What is Chapter VI-A of the Income Tax Act?
 

Chapter VI-A of the Income Tax Act provides various deductions from total income for the different categories of taxpayers based on the expenses incurred or the investments made. As a result, it helps reduce the taxable income and the corresponding income tax liability. The different tax provisions are specific to the expenses incurred by the taxpayers. The tax provisions define the eligible taxpayers and the maximum allowable deduction limit based on the stated terms and conditions.

The Chapter VI-A deductions are available in respect of different expenditures such as medical expenses, principal, and interest payments on housing loans, etc., and investments made in financial products such as life insurance plans, pension schemes, etc. Therefore, eligible taxpayers must understand the applicable benefit of deductions and avail the same while filing their Income Tax Returns (ITR).

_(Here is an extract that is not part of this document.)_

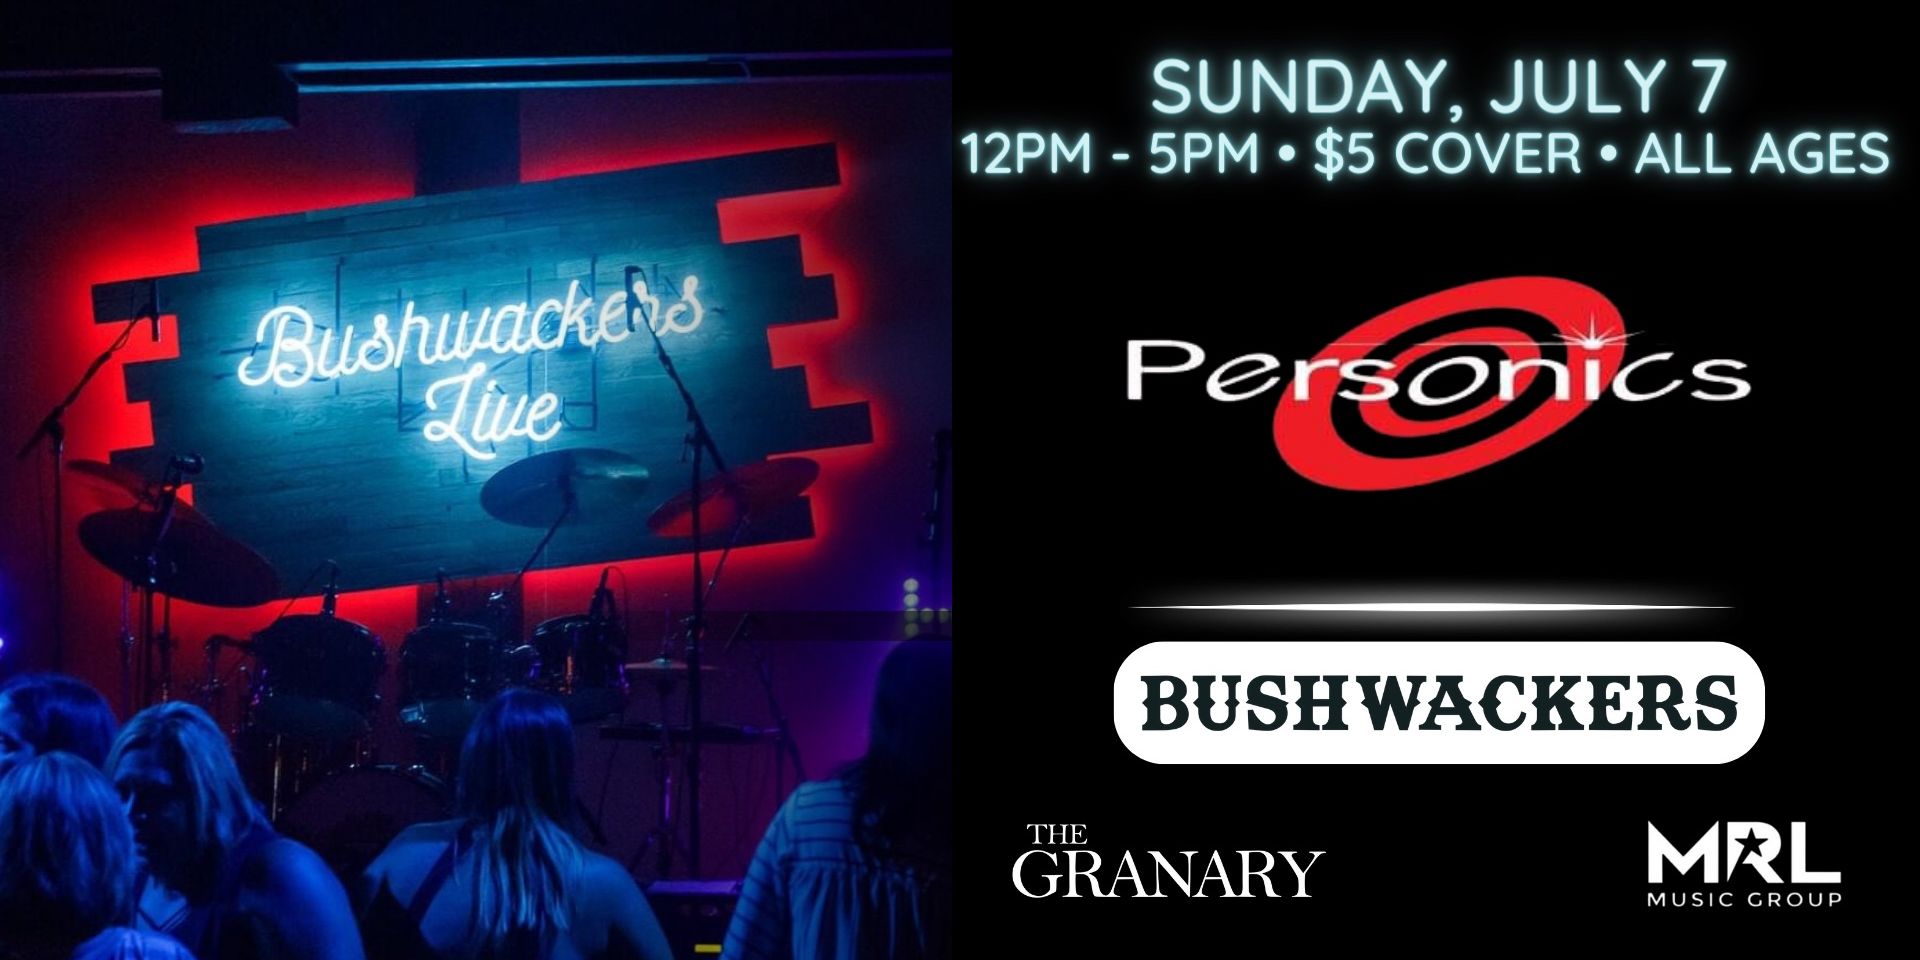 Sunday Family Fun Day with the Personics Band promotional image

Please Note: While the deductions under Chapter VI-A apply to taxpayers who choose the old tax regime, the deduction under section 80CCD (2), 80CCH(2) and 80JJAA only are allowed to the taxpayer who chose the new tax regime. While the new tax regime does not provide benefit of deductions from gross total income, it offers a lower rate for the different income tax slabs. Further, maximum deductions that can be claimed is restricted to gross total income (GTI)

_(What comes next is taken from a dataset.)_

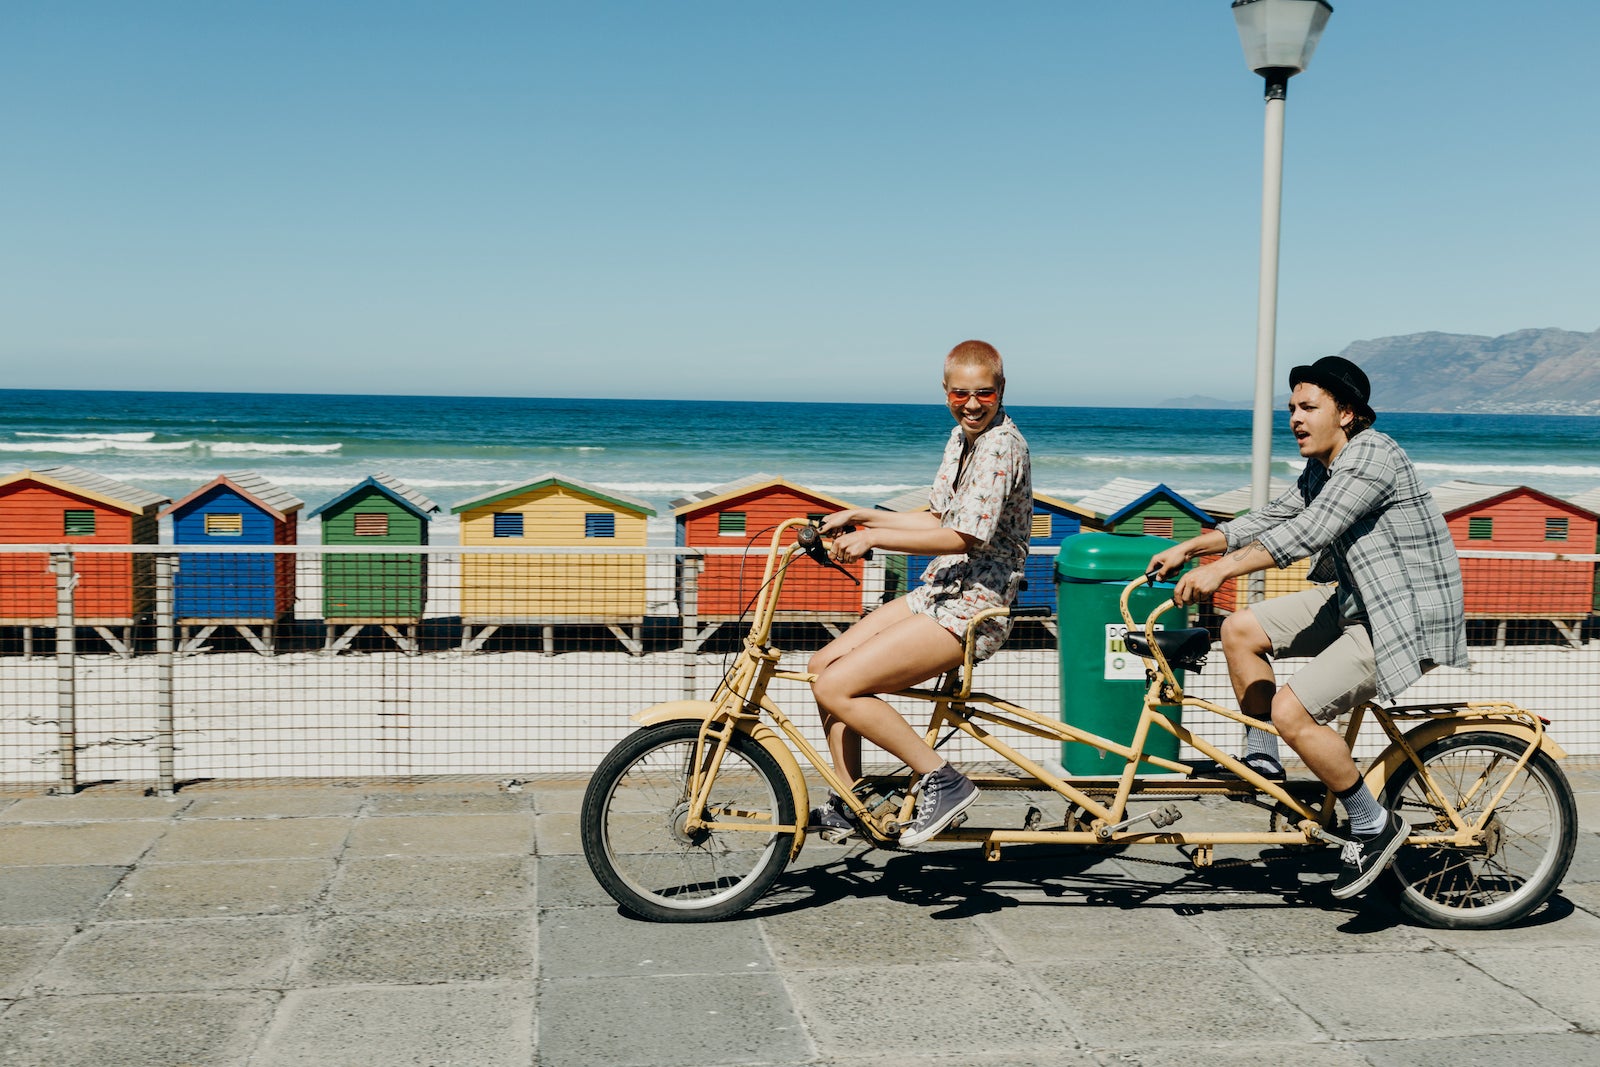 A young couple rides a tandem bicycle

Deductions under Chapter VI-A of the Act
 

Different deductions under the different provisions and the applicable limits under Chapter VI-A are provided in brief hereunder.

  • Section 80C

    Section 80C is an important tax provision under Chapter VI-A of the Income Tax Act, 1961. Additionally, it is one of the most commonly used tax provisions that help individuals and HUFs reduce their taxable income based on some of their expenses and savings or investments made during the financial year.

    The maximum limit of deduction under section 80C of the Act is ₹1.5 lakhs, and it is for the aggregate of expenses and investments and is not separate for the individual contribution or spending made to specific financial products.

    Under Section 80C of the Income Tax Act, the premiums paid towards your life insurance policy are eligible for tax deductions of up to ₹1.5 lakhs. You can claim this deduction every financial year on the annualised premiums of the following life insurance plans:

    • Term Insurance 
    • Savings Insurance Plans
    • Retirement/Pension Plans with Life Cover
    • Other Life Insurance Solutions - combination plans, comprehensive life covers, etc.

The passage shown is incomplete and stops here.